We read in the minds of characters, which are all by degree, hedonistic, narcissistic, masochistic, and deeply psychologically introverted. That doesn’t mean that they are necessarily uncaring and detached from others, far from it. But deep exploration of subject character is so much the essence of these individualistic snakes and dragons. All the characters are flawed, troubled by the direction of their lives, and struggling between living for the moment and their worldly, practical, daily responsibilities, by concern for their own well-being and that of others. None of the main characters are uncaring of others, but they are all certainly self-absorbed. Perhaps most of us are, perhaps that is the message?

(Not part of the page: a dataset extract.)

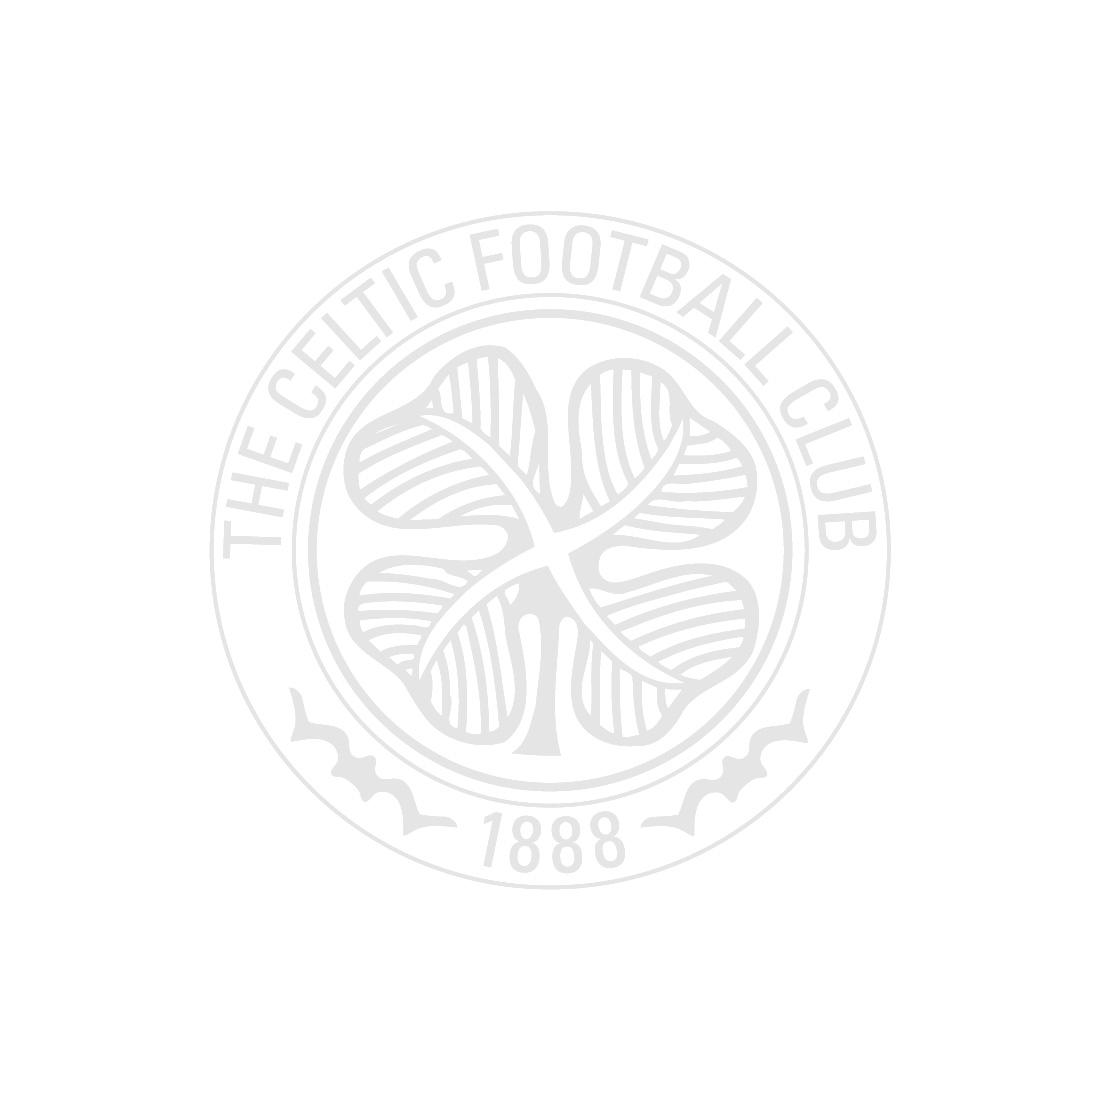 Celtic Mens Third Shirt 18/19 with No Sponsor
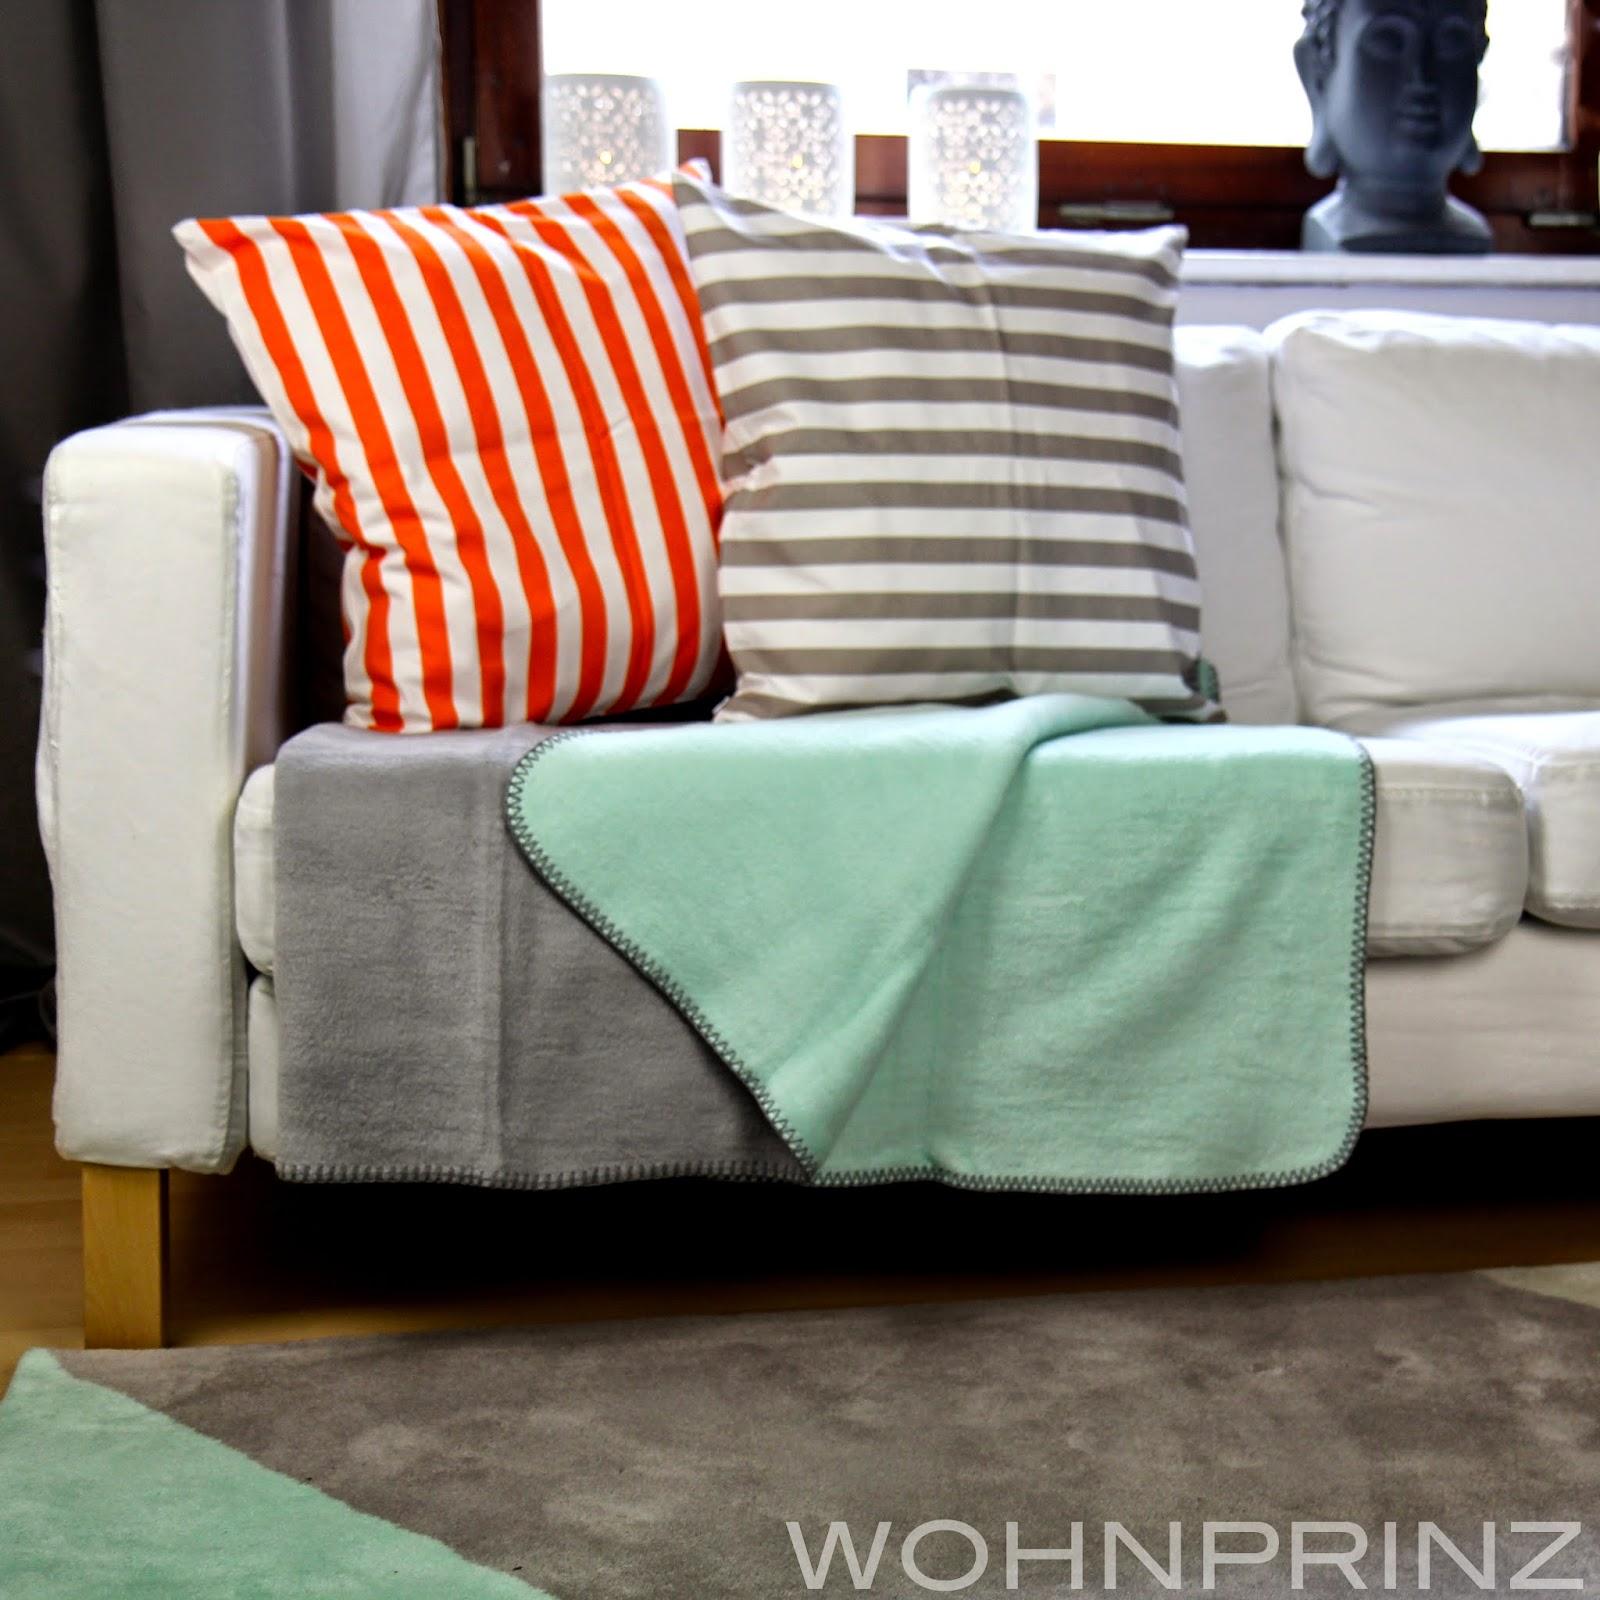 bastian der wohnprinz wohnblogger im videoformat neue tchibo wohnwelt grau meets mint. Black Bedroom Furniture Sets. Home Design Ideas

Couture quite probably exposes more of the conflicts in himself than those of others through these stories, but that doesn’t mean he isn’t also extremely observant of how others see their worlds. He writes in a highly descriptive, word-rich, and psychologically penetrating style. At times he borders on repetitive description and on says too much about what has surely already been deduced by any fully engaged reader, but he writes with such poetry, such cadence, that the overflow of description can easily be forgiven. Ultimately, nothing is decided, but every consideration is explored, possibility is left hanging, food for thought. Life is drawn to the extreme, to the fear, to toy with danger, and to them contemplate what it is that makes people repeat behaviour again and again. Couture writes with particular conviction about what it is to be a dedicated surfer, clearly a sometime overriding passion in his own life. But there is much more here, beyond the draw of the pounding sea. However, I recommend mixing the eight reads, as, for me, we start with rather too much abundant surf. There is connectivity between each story, characters spilling from one to the other, but these are truly independent constructions that can be shuffled like the cards in a single suit.

The poems at the start of each story acted as mood setters for the rich poetry of prose inside. A lot of this book is an exploration of the ‘adrenaline’ in life, in sport, in personal relationships, and at times raises one’s own hormonal beat, but this isn’t writing for the lover of the pacey thriller. This is writing for the lover of literature, for the lover of detail, for the contemplative, for those that like to enjoy the journey of an adventure rather than necessarily the climb to peak tension and final relieving climax. If one likes descriptive writing, and the analysis of what makes people tic, then this series of stories is for you. I might call these essays on the waves in life rather than stories with firmly placed beginnings or any definitive endings.